ところが、その翌年、日中戦争が勃発し、国内外で開催反対の意見が出て38年7月の閣議で開催権を返上した。当時、日本は軍国主義化一直線。五輪の平和的な理念と「皇紀二千六百年」という国家主義とは元々、矛盾していた。
「2020年」も80年前の「幻の五輪」とよく似ている。例えば「震災との関係」である。今回は東日本大震災からの復興がテーマの一つだが、「幻の五輪」もその17年前の「関東大震災」からの復興をアピールするためだった。

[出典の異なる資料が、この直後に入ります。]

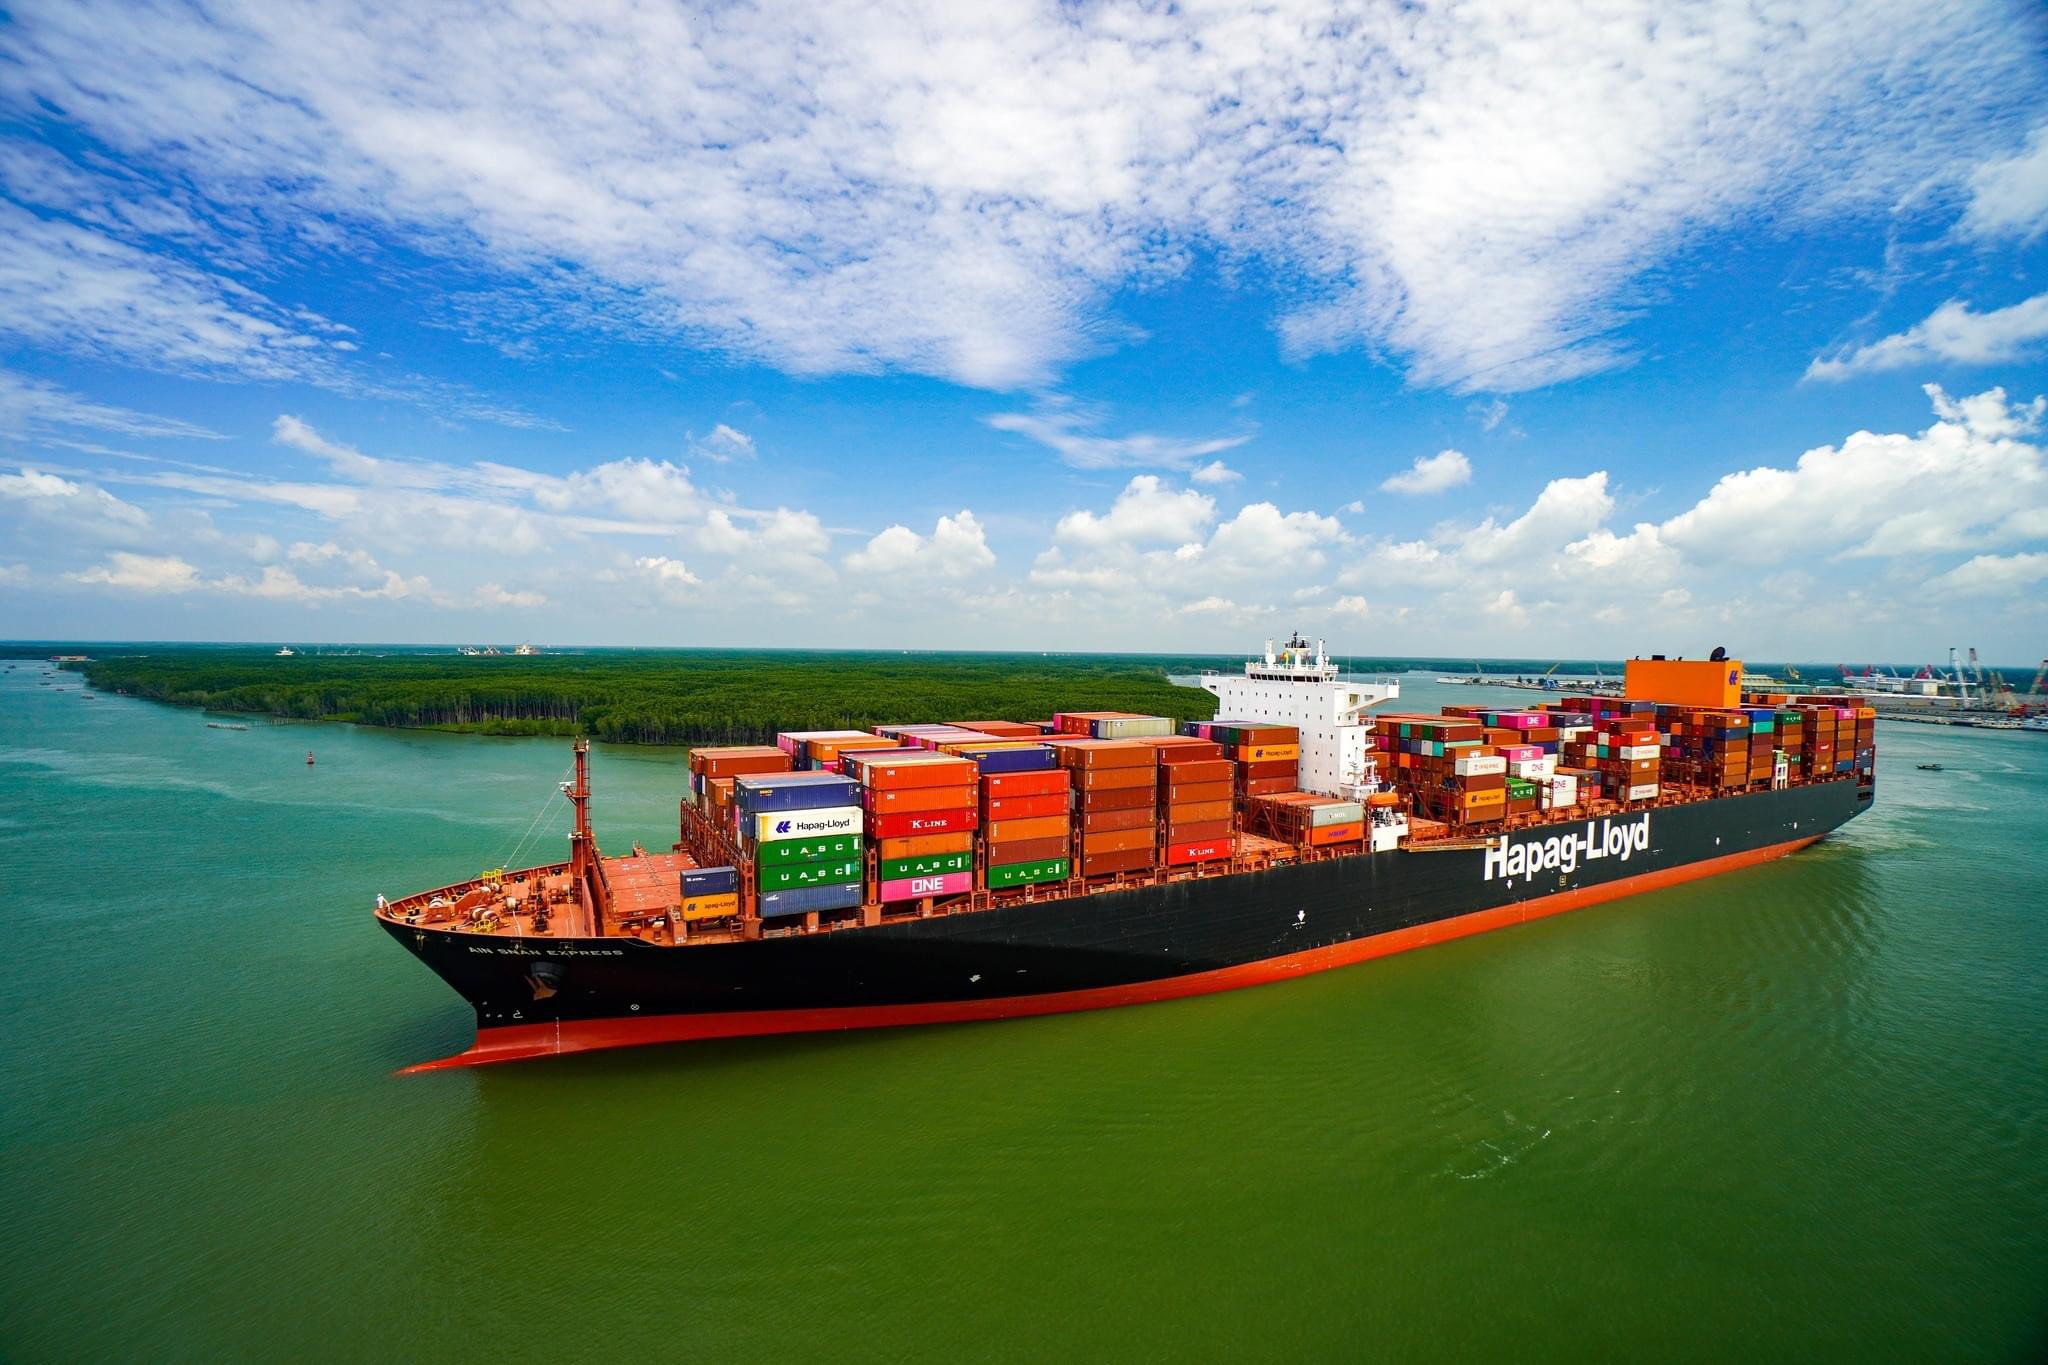 Tàu trọng tải lớn làm hàng tại cảng TCIT, cảng container nước sâu có sản lượng thông qua lớn nhất Việt Nam.

関東大震災の2年後の1925年に治安維持法が制定され、急速に軍国主義化する。今回も、東日本大震災の2年後に現代の治安維持法≠ニ呼ばれる特定秘密保護法が成立。さらに集団的自衛権行使を容認し「戦争のできる国づくり」が着々と進められている。安倍政権が目指す五輪は前回同様、「国家主義化のシンボル」なのだ。
× × ×
そんな中で起こった〈イランとアメリカの報復連鎖〉。ひょっとすると、第三次大戦で五輪中止!なんてことが起こるかも。
人間は「平和を求める心」と「戦争を求める隠れた欲望」を併せ持つ不思議な動物だ。何が起こっても、おかしくない!